Teddy goes to the window and looks out. “Neighbor’s house is dark, too. Do you have a flashlight or some candles?”

It’s not quite sunset outside and Teddy’s big frame is lit up as he stands with his back to the window, facing me. That’s when it sets in. I mean really sets in. I’m snowed in with Teddy. Freaking snowed in. Just the two of us. With no power.

“Holly?” The way he says my name, rough but somehow soft, snatches my attention.

When I meet his gaze, his gray eyes (though I can’t actually make out the color in the dim light) seek me out with concern and care. “We’ll be okay.”

How do I tell him that my concern isn’t that we’ll freeze to death but that I might say or do something idiotic and embarrass myself in front of him? This crush feels like it’s going to die a cold, humiliating death.

Once you make a big enough ass out of yourself in front of someone you like, you realize that there is absolutely no coming back from it. That’s it. The heart moves on. No, not the heart. The brain. It must be a survival technique. When all hope is finally lost, your brain stops sending dopamine or endorphins orwhatever it is (science is clearly not my strong suit) that makes your body sing when the other person is around.

I don’t want to be over Teddy. This crush feels good, even if I am way, way out of my depth here.

This is one of those instances when I wish I were more like Stella. She would have no problem being snowed in with her crush. But I’m me, and Teddy is still staring at me like I’m about to break down in front of him.

“Lights,” I say finally. “I think there might be a flashlight in the master closet, and I saw some candles under the sink.”

He moves into action, but I’m slower. He gets close, and I realize I’m in his path and start to move, but he’s already going around me and now I’m in front of him again.

“Sorry,” I squeak as he braces himself on my shoulders to keep from plowing me over. His chest brushes against mine and I get a whiff of his soap mixed with fir tree.
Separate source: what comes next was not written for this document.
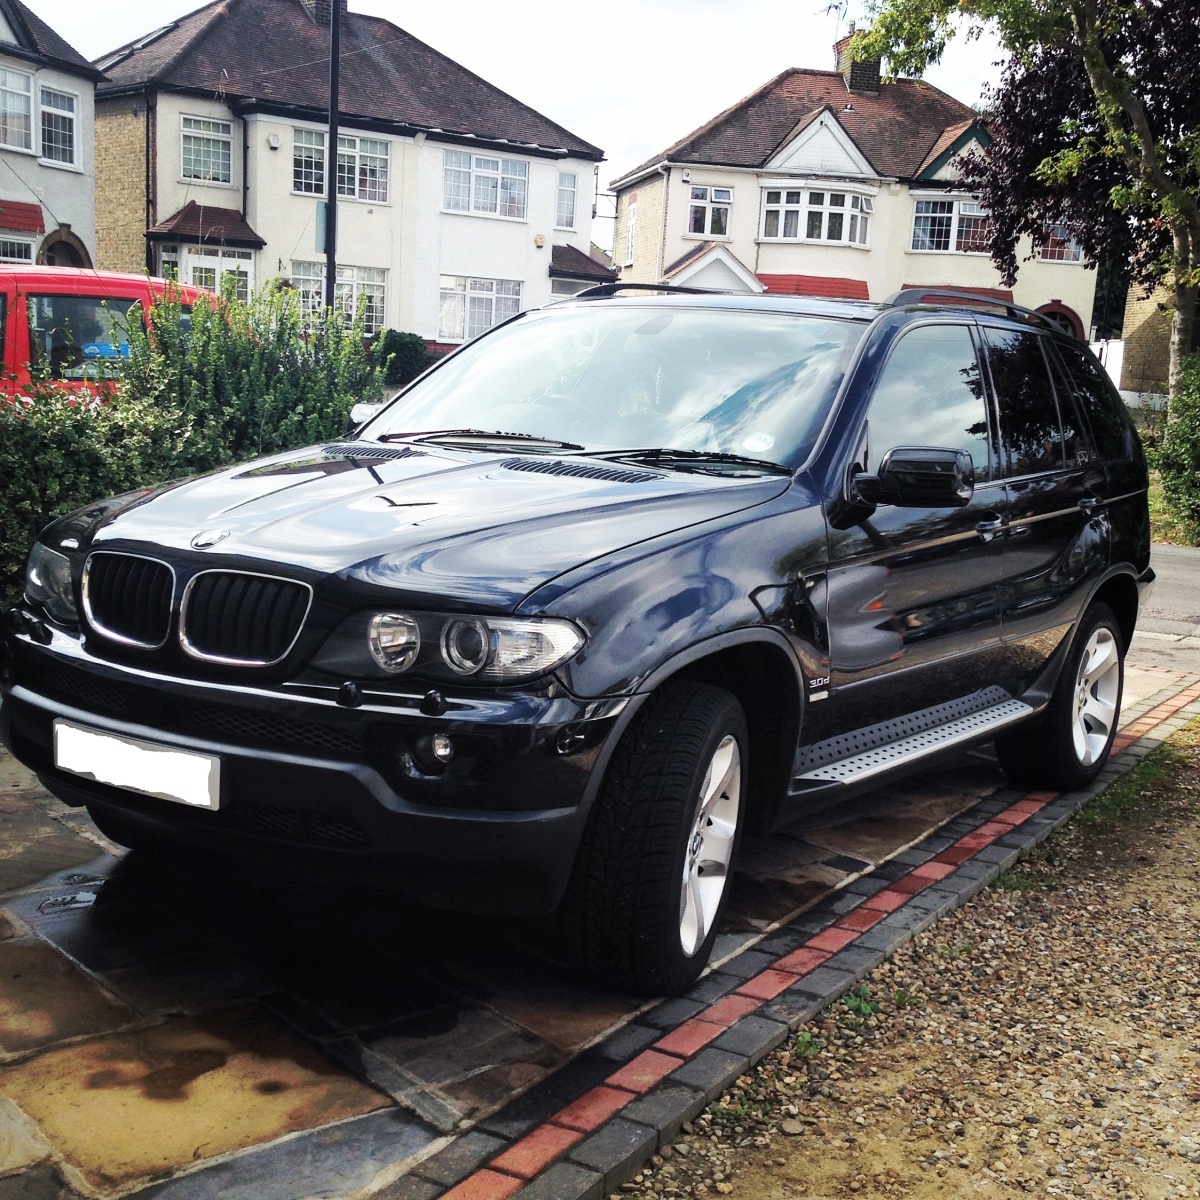 BMW X5 E53 1st Generation - What To Check Before You Buy

We both start to move again, but this time, we go in opposite directions.

I grab the candles under the sink and then search the other rooms, finding two more. When I get back to the main room, Teddy has a small flashlight and matches.

He turns the flashlight on and shines it around the dark room, then turns it back off and sets it on the counter. “These were in there too.” He holds up the matches.

“Should we save them?”

He shakes his head. “Maybe one, but I doubt the power will be out that long.”

We light the candles, leaving one on the kitchen counter, and I bring the others into the living room.

“Well.” He blows out a breath and sits on the couch with his beer. “Not a lot we can do now but wait.”

“We could put on a movie,” I suggest and then immediately chastise myself. “But we don’t have any power.”

He laughs softly. “Would have been a great idea.”

“I have my laptop. We could watch something on that.”

“We should probably save it.”

I nod, glancing outside. The sky is getting darker, and the snow is still falling. “For emergencies? In case we need to...email someone or something.”

One side of his mouth lifts and I get a half-dimpled smile. “I meant in case we got bored later.”

“Oh, right.” I move into the kitchen and pour myself a glass of the RumChata.

“Who would we email, out of curiosity?” Teddy asks when I get back. I sit next to him on the couch. His presence feels even bigger in the near dark.

“I don’t know,” I say with an embarrassed giggle. “Maybe the power company?”

“Or a snowplow?” he teases.

“So maybe email isn’t the best way to contact someone in an emergency, but maybe as a last resort? At least I could email my parents to say goodbye.” The room is starting to cool off without the heat on. There’s a fireplace but only two logs of firewood because it has always been more about ambience than survival.

Teddy angles his body toward me and places one arm on the back of the couch. “That’s sweet.”